CodaLast edited by codadilupo on Tue Aug 12, 2003 8:24 pm; edited 3 times in total

----------

## paolo

Scusa non avevo visto il link   :Rolling Eyes: 

Ma non capisco che problema ci sarebbe? Cioè, l'errore c'è! Ma il sistema sarebbe ottimizzato solamente per 586? Ma al gcc quando compila il codice di qualunque pacchetto (ottimizzato per la piattaforma che vogliamo noi tramite CFLAGS) cosa importa delle libtool?

ByEZz,

Paolo

----------

## cerri

 *MoRPh3uSz wrote:*   

> gcc --version
> 
> gcc (GCC) 3.2.3 20030422 (Gentoo Linux 1.4 3.2.3-r2, propolice)

 

Quindi questo lo hai aggiornato da poco.

 *MoRPh3uSz wrote:*   

> Sono partito da uno stage3 da livecd

 

Chissa' se questo puo' essere un fattore importante...

 *paolo wrote:*   

> Scusa non avevo visto il link

 

Ma ti pare.

 *paolo wrote:*   

> Ma non capisco che problema ci sarebbe? Cioè, l'errore c'è! Ma il sistema sarebbe ottimizzato solamente per 586? Ma al gcc quando compila il codice di qualunque pacchetto (ottimizzato per la piattaforma che vogliamo noi tramite CFLAGS) cosa importa delle libtool? 

 

Il problema e' che

1) non riesci a compilare tutto, perche' quelle variabili impostano l'ambiente come i586 (il thread iniziale riportava un errore in compilazione di k3b, infatti)

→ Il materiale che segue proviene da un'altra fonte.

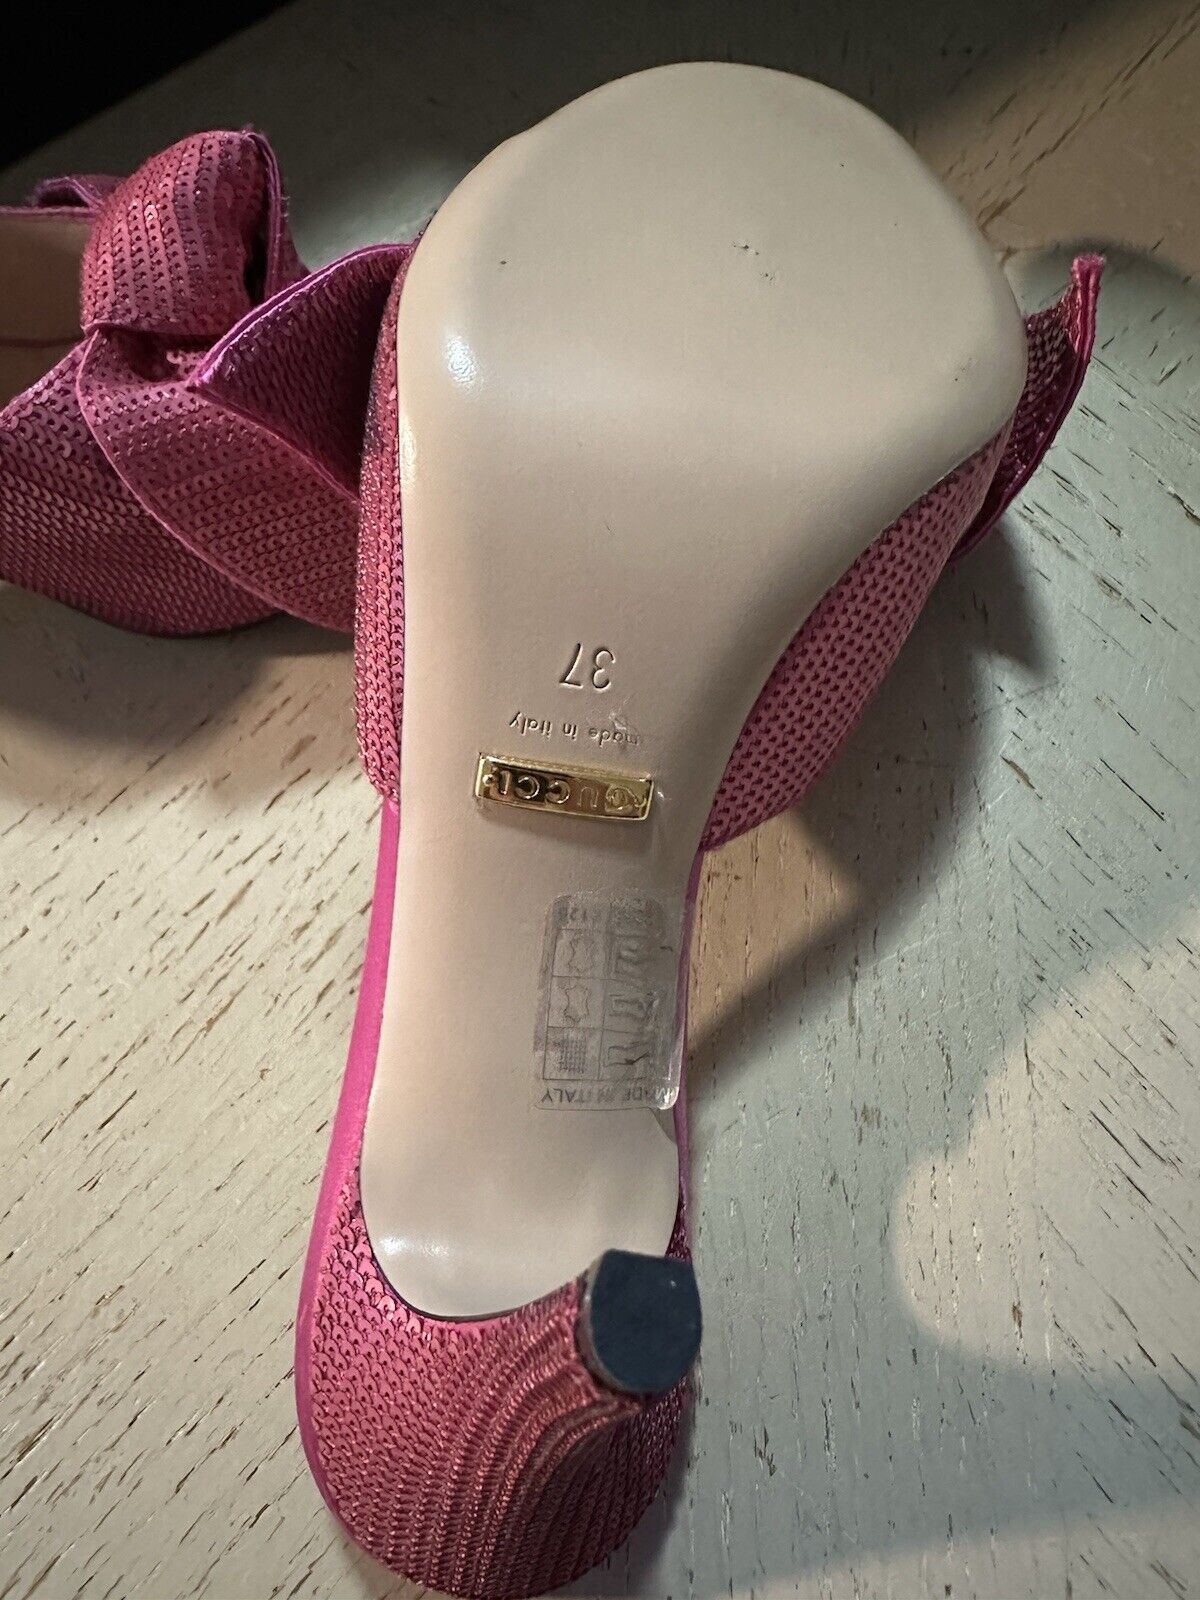 Gucci Women Bow Detail Satin Sandal Shoes Pink 7 US/37 Eu 724325 New

2) al gcc poca importa di ld, ma quella verifica e' un sintomo che qualcosa non va per il verso giusto (voglio dire, dovrebbe essere quello che tu hai impostato in make.conf, ma non lo e'...).

----------

## paolo

Si si, che l'errore c'è è indubbio, è anche grave e va corretto assolutamente.

Mi sembra di capire che non verrebbero compilati i programmi in c++, giusto?

ByEZz,

Paolo

----------

## codadilupo

 *cerri wrote:*   

> 
> 
>  *MoRPh3uSz wrote:*   Sono partito da uno stage3 da livecd 
> 
> Chissa' se questo puo' essere un fattore importante...
> ...

 

Non saprei: anche io sono partito dallo stage3, ho una -r1 del gcc (quindi meno recente di MoRPh3uSz), e la medesima versione delle libtool: eppure io il problema non l'ho riscontrato.

Coda

----------

## stuart

anche a me quando ero partito dallo stage 3 mi aveva trasformato il 686 in un 586 e pensavo che avevo sbagliato io. l'avevo modificato in 686 segnadomelo come appunto per la reinstallazione

appena ho reinstallato il sistema dallo stage 1 la prima cosa che ho fatto dopo aver emerso mirrorselect e ccache sono andato a modificare per controllare se era 686 e difatti lo era........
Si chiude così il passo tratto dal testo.